Ангел сел на свое место за столом, и сразу успокоение возникло на душе, будто пришел он домой после суеты рабочего дня. Поймал на себе добрый взгляд Петра.
— Есть, поди, хочешь? — спросил однорукий.
— Чего спрашивать? — оборвал Захар. — Конечно, хочет! Он же не так, как мы, работает. Вишь, и под дождем за дровами, за водой! Мы то что, тут, в тепле, при еде всякой, при мясе…
Говоря это, он выставил на стол миски, ножи, три ломтя хлеба. Потом принес копченого мяса, и сразу у ангела закружилась голова от этого сладковатого дымного запаха. — вспомнил он, что с утра не ел.

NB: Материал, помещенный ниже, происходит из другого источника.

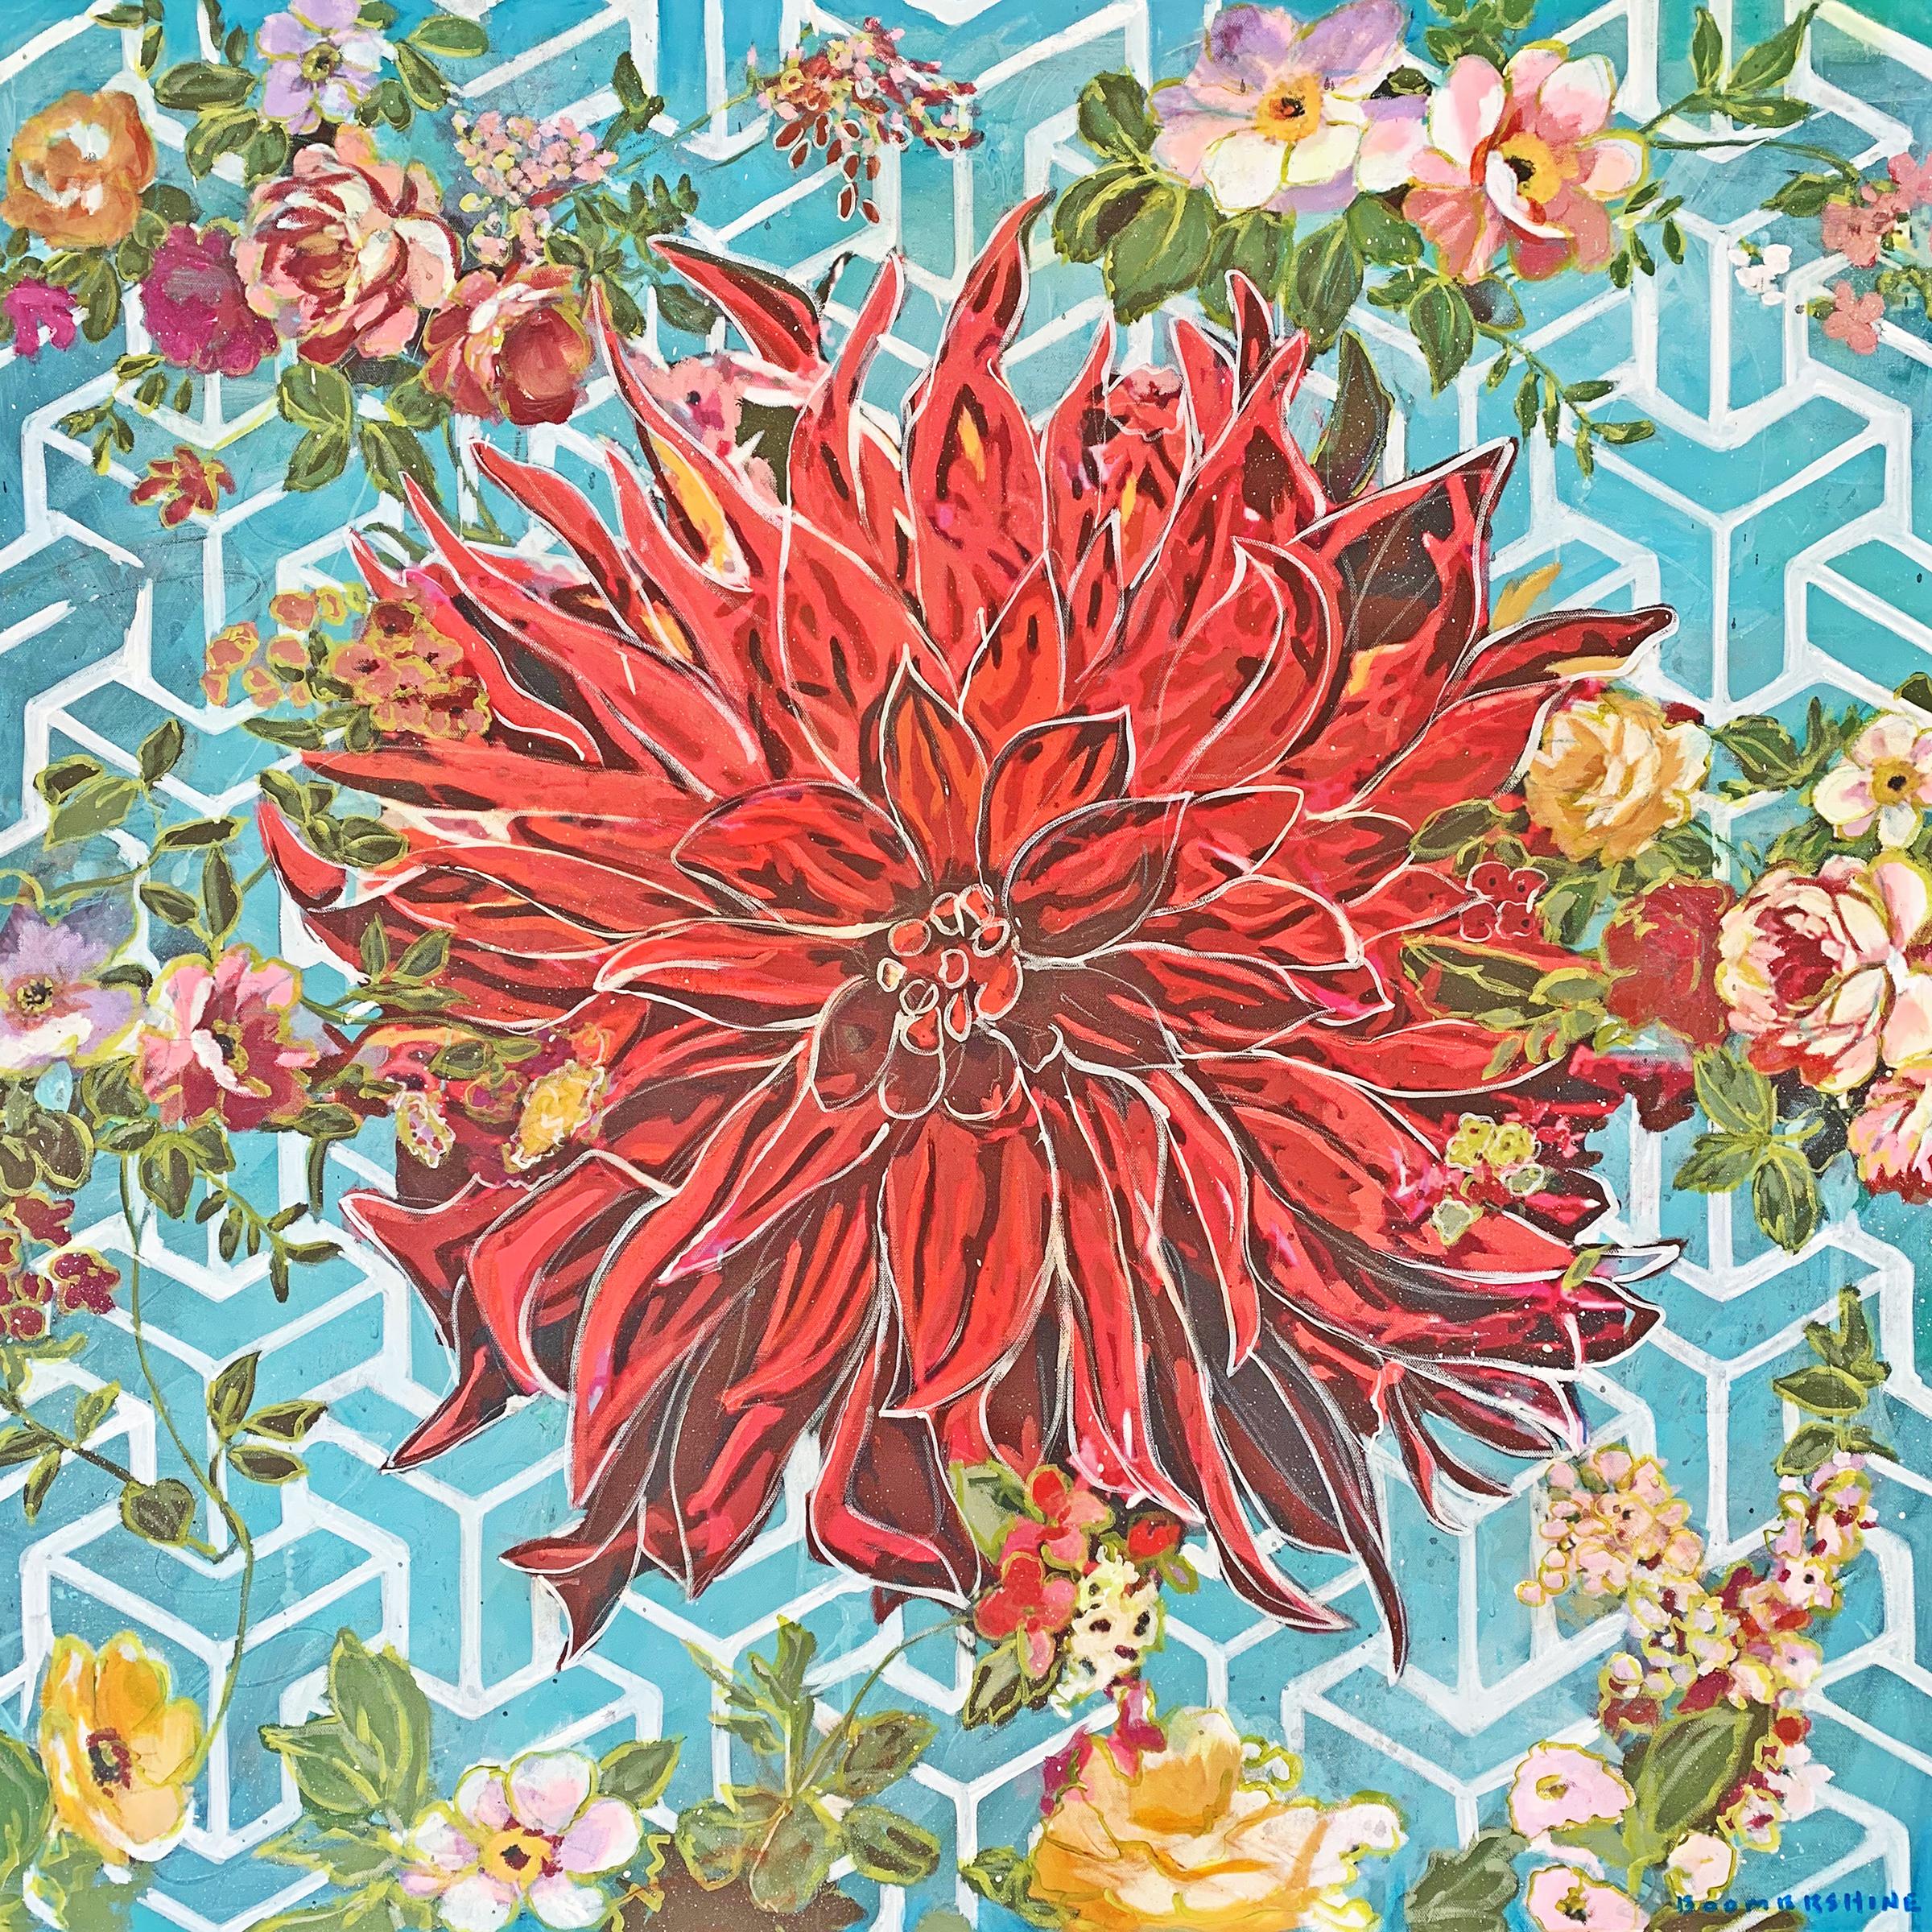 "Geo Teal" - Contemporary Op-Art Pop Art Paintings - Floral - Jasper Johns - Mixed Media Art by Mark Boomershine
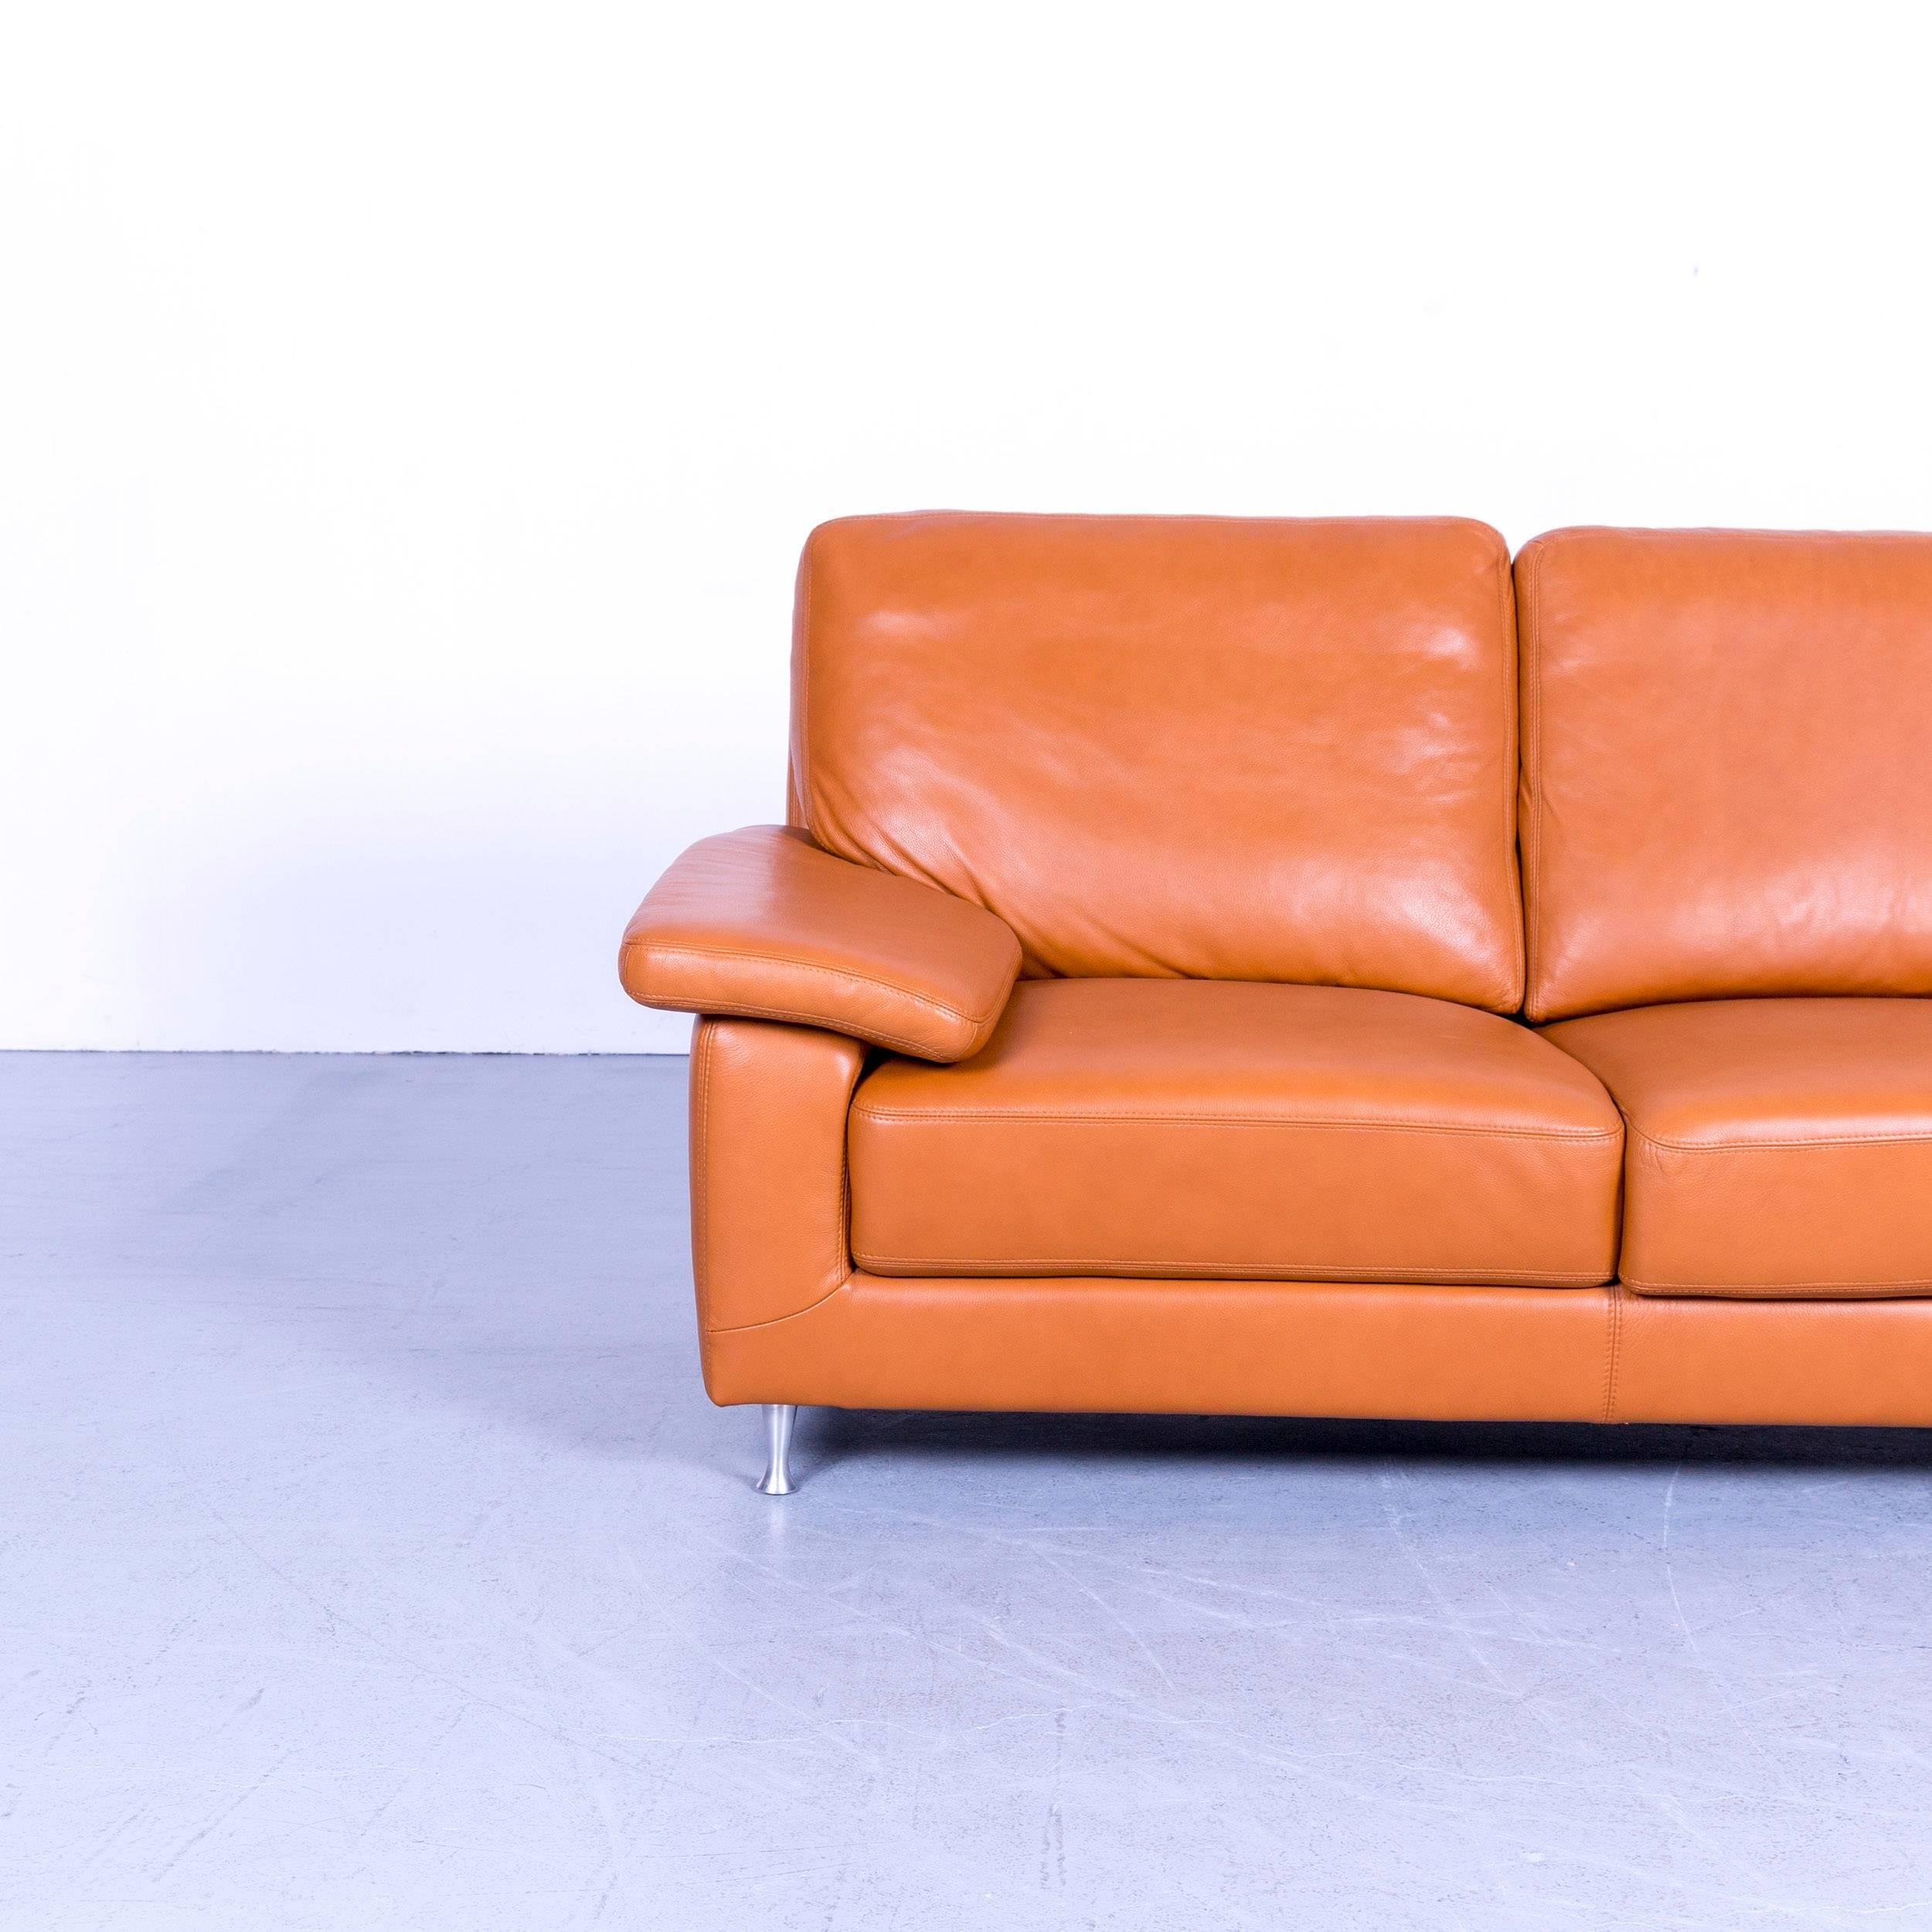 German Willi Schillig Designer Sofa Two-Seat Beige Leather Couch

— Новость слыхал? — жуя, спрашивал Захар. — Строители наши объявились. В Катериновке, эт часа три пешком отсюдова. Переманили их. Теперь там сельсовет строют.
— Нехай строют! — буркнул Петр. — Что эт за строители, которых так легко переманить можно! Ненадежные…
— Это да… — вздохнул Захар.
— А что, там, в Катериновке, жизнь лучше? — спросил ангел, отрезая себе очередной кусок мяса.
— Может, и не лучше, но проще, — ответил Захар. — Им там для всей бригады дом дали, понаобещали чего-то…
— А к нам сегодня Полуботкин Демид приходил. — сообщил Петр.
— Опять мясо в обмен на песни хотел? — спросил ангел.
— Не-е, поговорить заходил.
— Да, странный он какой-то, — сказал Захар. — Петь ему, говорит, надоело. Хочет настоящим делом заняться, да только, говорит, ничего пока другого не умеет.
— А я что-то давно его песен не слышал, — признался ангел.
— Да никто их не слышал с лета, — сказал Захар.Может, он от любви страдает? Училка ведь его того, бросила. А может, и вообще у него с ней ничего не вышло?!
Вспомнил тут ангел о Кате, и враз грустно ему стало. Видно, заметил это Захар, понял свою ошибку и решил ее исправить.
— Ну а мясо как сегодня? — спросил он, глядя ангелу в глаза.
— Хорошее, — сказал ангел.
— А ты погоди чуток, я сейчас другого принесу! — Захар вышел из-за стола. Вернулся с другим куском. Сам нарезал от него ломтиков и роздал их Петру и ангелу. Ангел взял кусочек, понюхал его, положил в рот.
— Да, пределов хорошему нет! — твердо сказал однорукий, жуя копченое мясо.
— Ага, — сказал Захар. — Это индейка. Колхозники вчера принесли за работу. Видишь, какое сладенькое получилось!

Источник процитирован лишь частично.